Mark Sapiro mark at msapiro.net
Thu Jun 13 01:09:18 CEST 2013


On 06/12/2013 12:10 PM, Matthew Needham wrote:
> A couple of weeks ago I moved all of my mailing lists to a new subdomain. So far, everything has worked great, but I've now discovered that the archive message numbering has changed. For example, I'm referring to the numbers "006782" at the end of a URL like http://lists.hdfgroup.org/pipermail/hdf-forum_lists.hdfgroup.org/2013-May/006782.html.


So you rebuilt the archive with bin/arch --wipe and the messages in the
input mbox were not in the same sequence in which they were added to the
original archive.

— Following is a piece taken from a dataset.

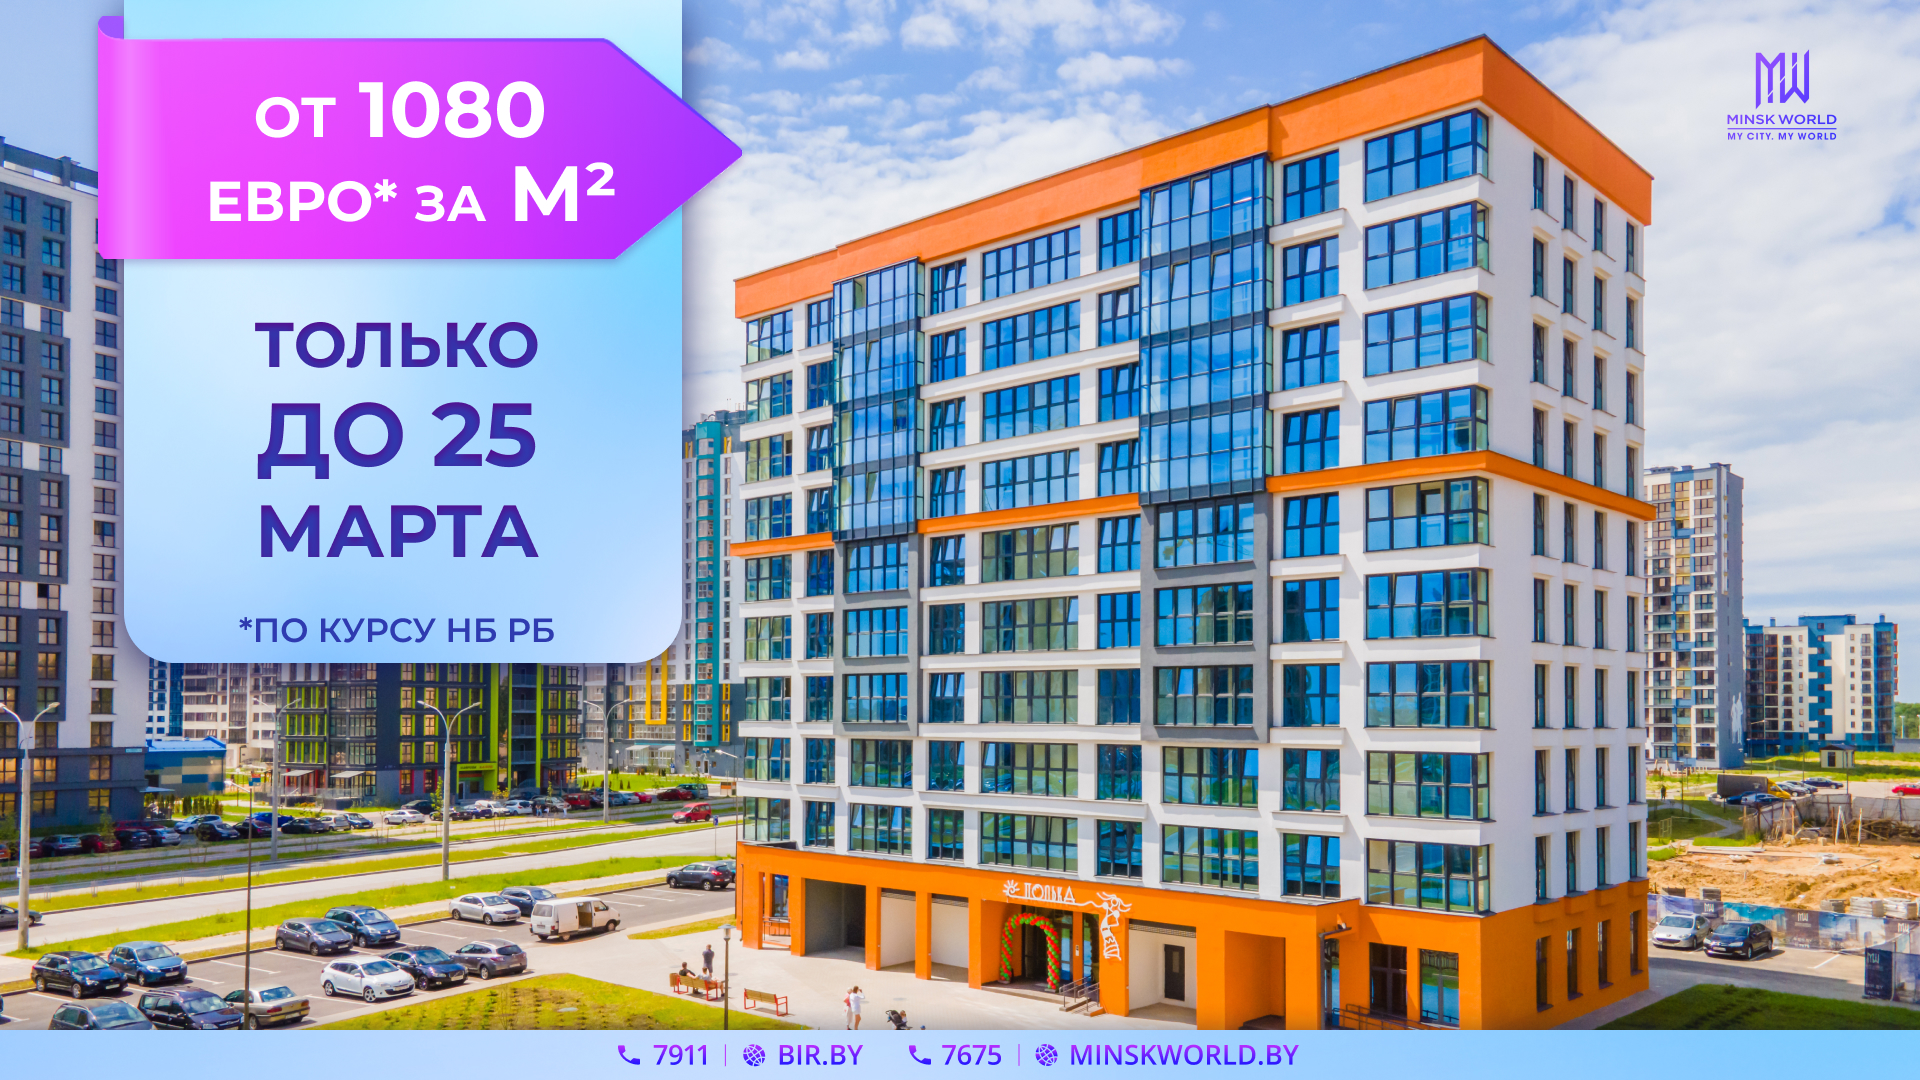 ОТ 1080 за м² элитной недвижимости, скидка 5% за быструю оплату и другие СУПЕРУСЛОВИЯ в Minsk World!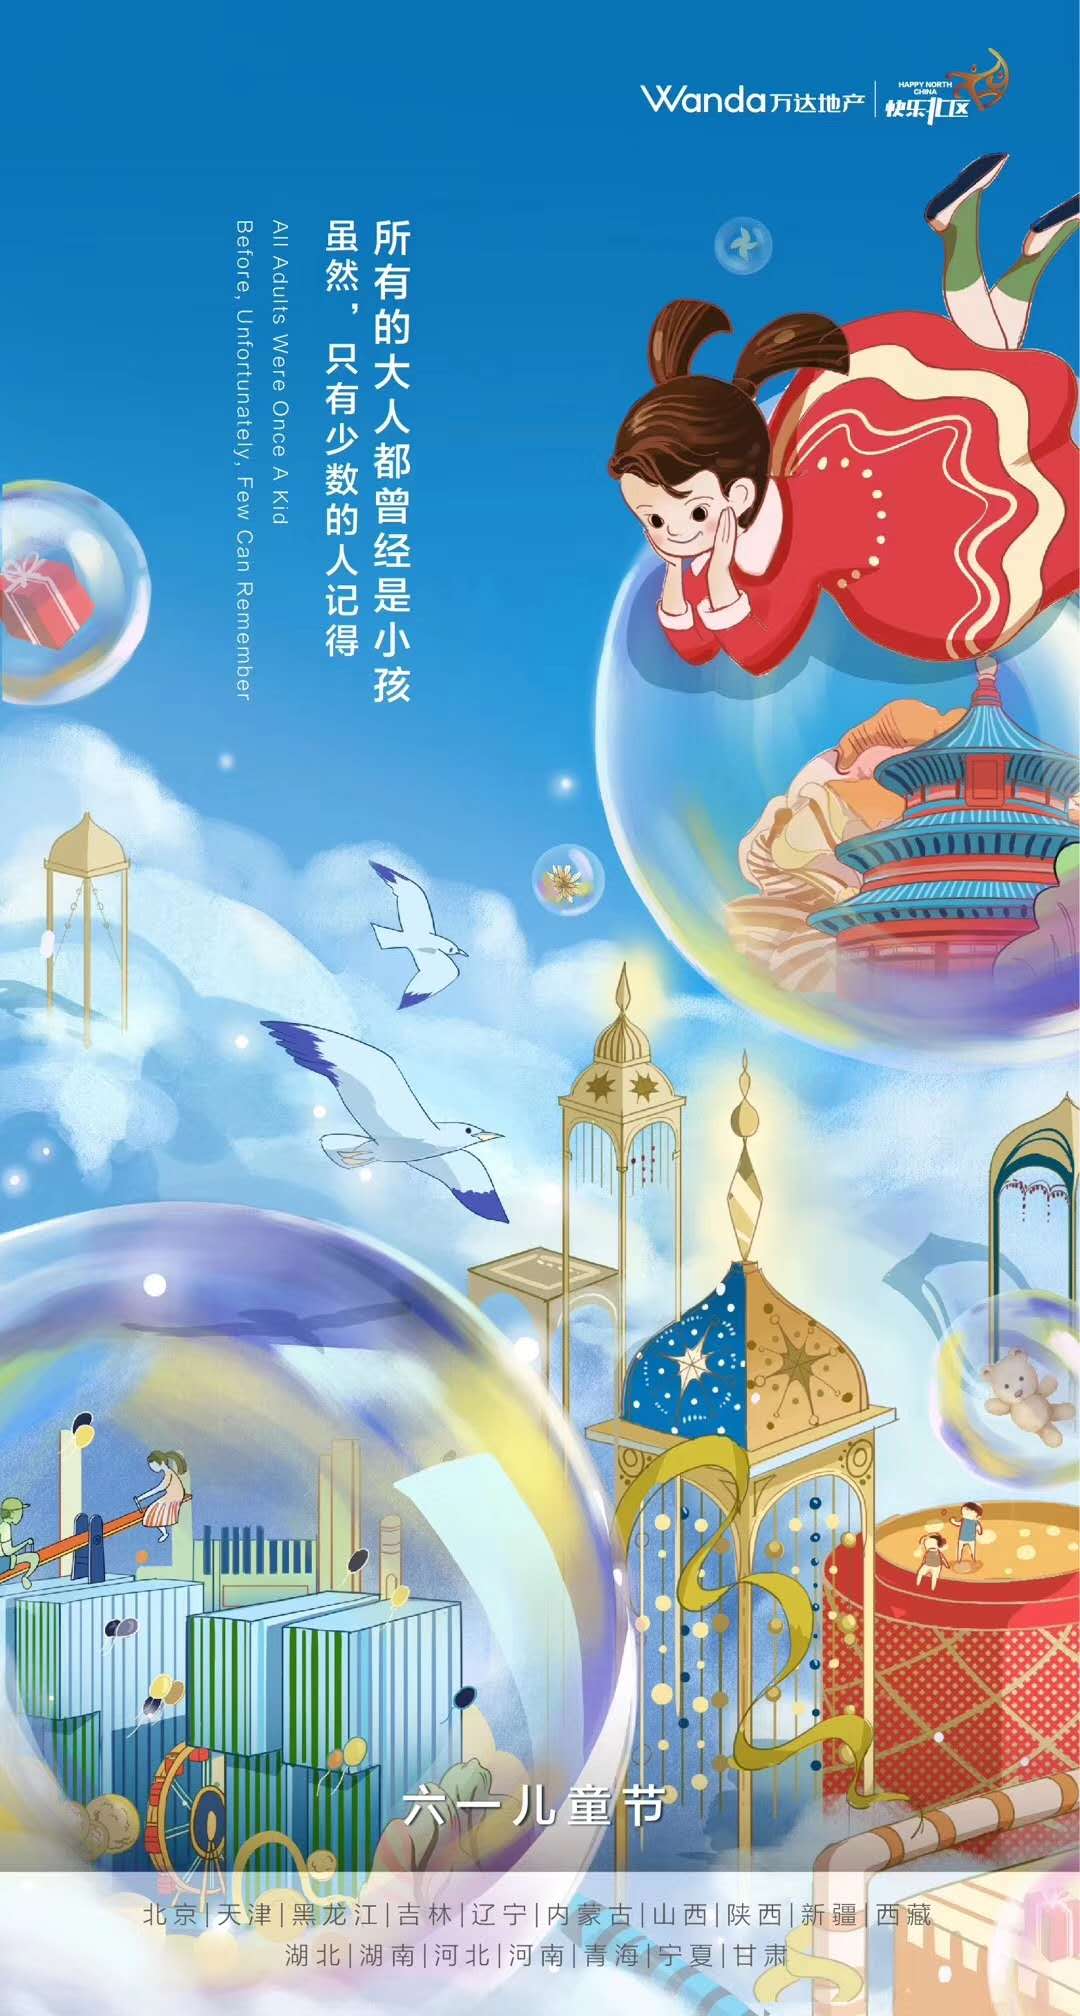 绿白色童心未泯照片儿童节节日宣传中文海报 - 模板 - Canva可画

The number in the nnnnnn.html file name is the
sequence number of when it was added.


> I believe that this happened because after the list was first created in mailman (in 2009), older archives were added using "arch <listname> <older.mbox>. My hypothesis is that if I were able to separate the current mbox into the messages that existed before older.mbox was archived, and those that were added afterwards, I could then rebuild the archive in the original order so that the message numbering would be preserved.


Yes. You should actually reorder the .mbox into the initial archived
messages followed by the older.mbox messages followed by the messages
after older.mbox was added. Then rebuild with bin/arch --wipe to get the
original sequence, and since the single .mbox is now in the sequence you
want, the problem is avoided in the future.


> As best as I can tell, there's no way for me to determine which messages were in the archive before older.mbox was added. Is there a way? 


If you still have the old archive (maybe on a backup), the first message
in that archive from older.mbox has number nnnnnn. Message nnnnnn-1 is
the last of the messages that were in the archive when older.mbox was added.


> Alternatively, is these a better way to preserve all of the links that are now sitting in Google, various third party archives, sundry word documents, and user mailboxes?


No.


> Or is this a fool's errand I should abandon posthaste?


Perhaps.


> In case it helps, before migrating the lists I made tarballs of everything, so I still have access to the archives before they were rebuilt.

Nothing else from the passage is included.